Dodi tells his father that it's foolish to try to impress the Western world because he'll never be seen as one of them. Later, after he sends Diana’s clothing and possessions back to the family alongside condolences for their loss, he never receives any note in return. No thanks. No gratitude. No compassion. Dodi was right.
The “ghosts” of Dodi and Diana They represent closure that the three guilty parties attempt to get for themselves in the aftermath. We all do this. We all try to have that “last conversation” with lost loved ones. Sometimes we have multiple last conversations. In entertainment, this always comes in the form of a “ghost”, which it a trope if there ever was one, but because this is a dramatization, dammit, and public perception IS the ghost that hangs over Charles and The Queen and Mohamed.
My Overall Thoughts
I see this package of episodes a bit like a spinoff miniseries of The Crown. It’s not up to the same par as earlier seasons of The Crown. It definitely lacks nuance and at times is rather blunt and formulaic in its storytelling, but you can’t tell the Diana story like you’d tell The Queen’s story.

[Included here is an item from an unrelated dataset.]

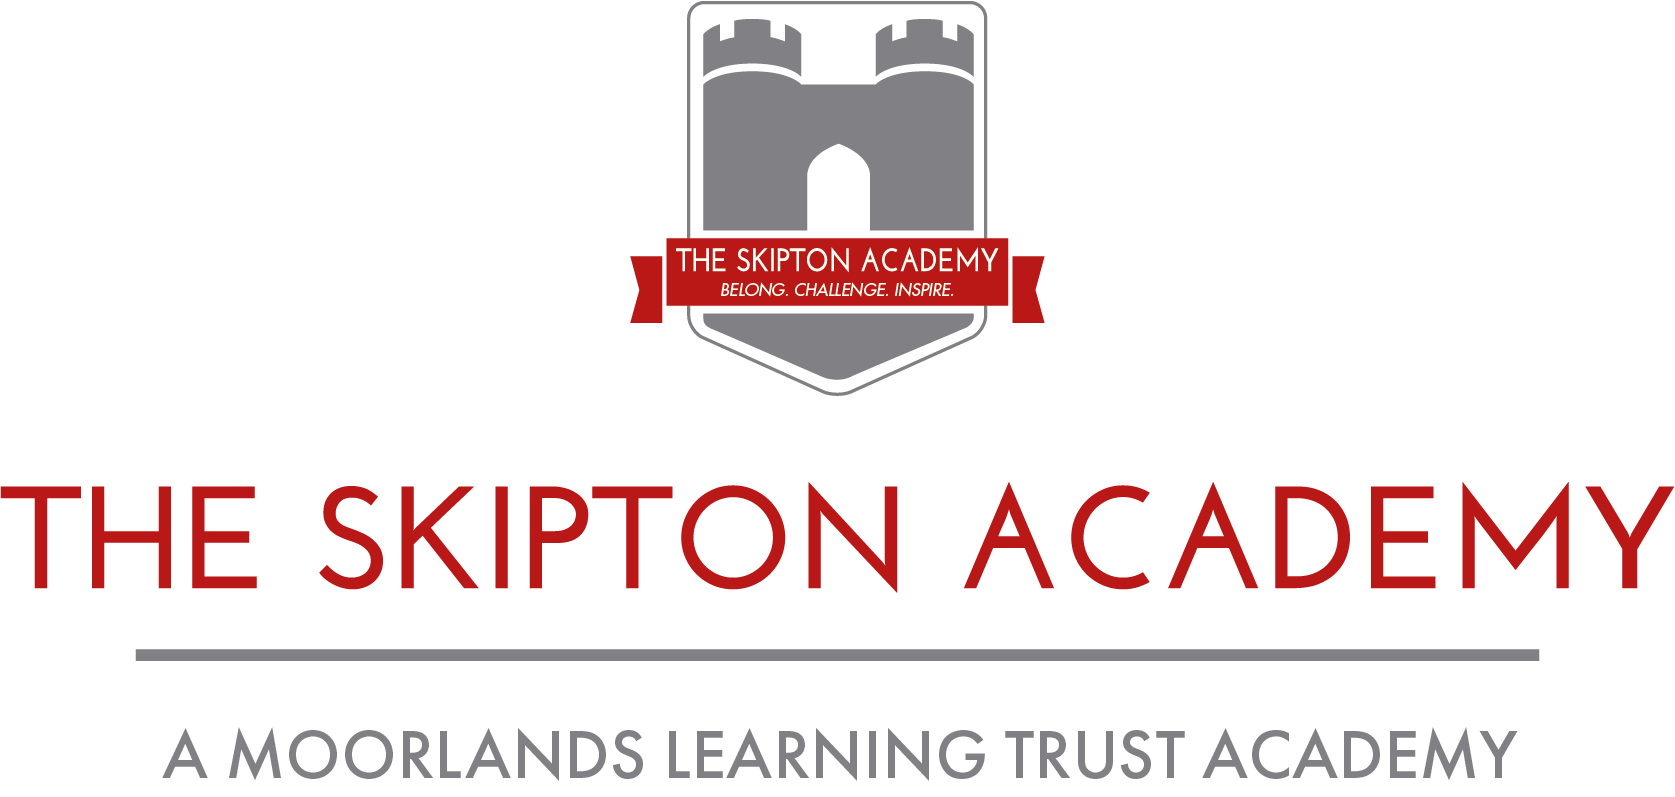 The Skipton Academy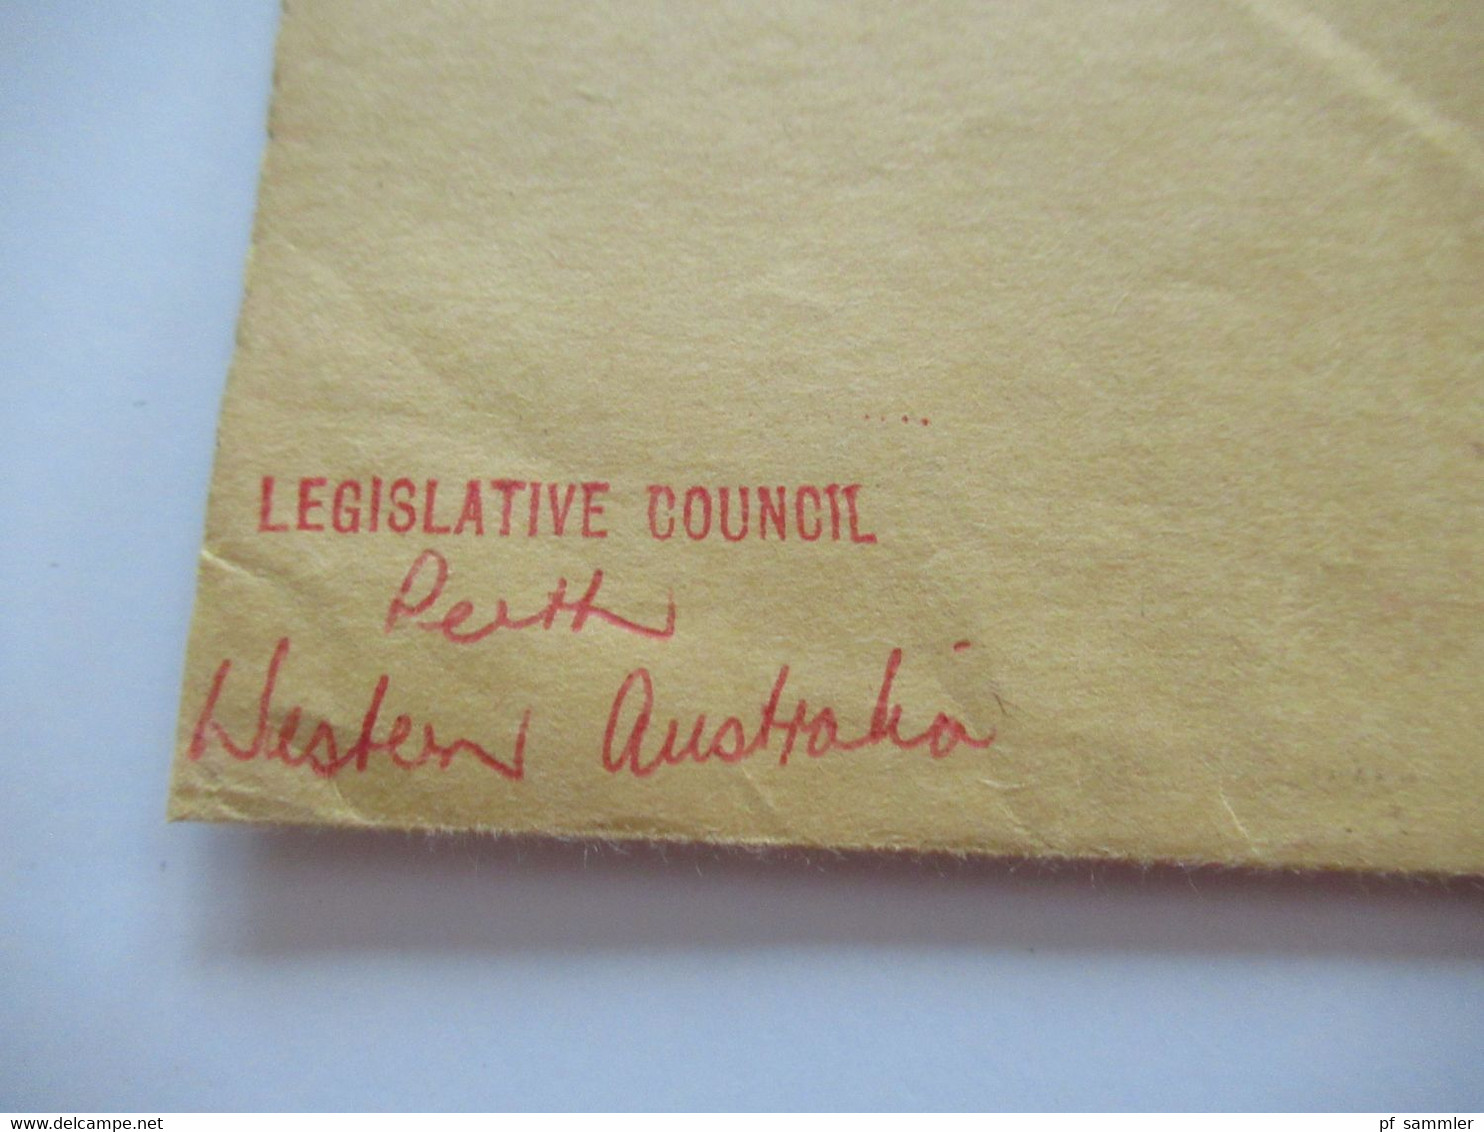 1980 Umschlag OHMS Und Stempel Legislative Council Parliament House Perth W.A Einschreiben Perth Parliament House - Lettres & Documents

The Queen DID take the side stage during Diana’s reign over the people. It wasn’t a nuanced time in monarchy history. It was full-on soap opera fodder. The Royal Family still is a real-life soap opera, for better or for worse.
I’ll be waiting avidly for Part 2. I was so damn obsessed with Kate Middleton in the early 00s. I’ve been pretty nostalgic for that time of my life. I was just an insecure young woman back then, and I’m really excited to see how they portray Kate’s early party-girl days with William and Harry.
Overall, as an introverted party-girl, I had a blast watching this and can’t wait for the rest.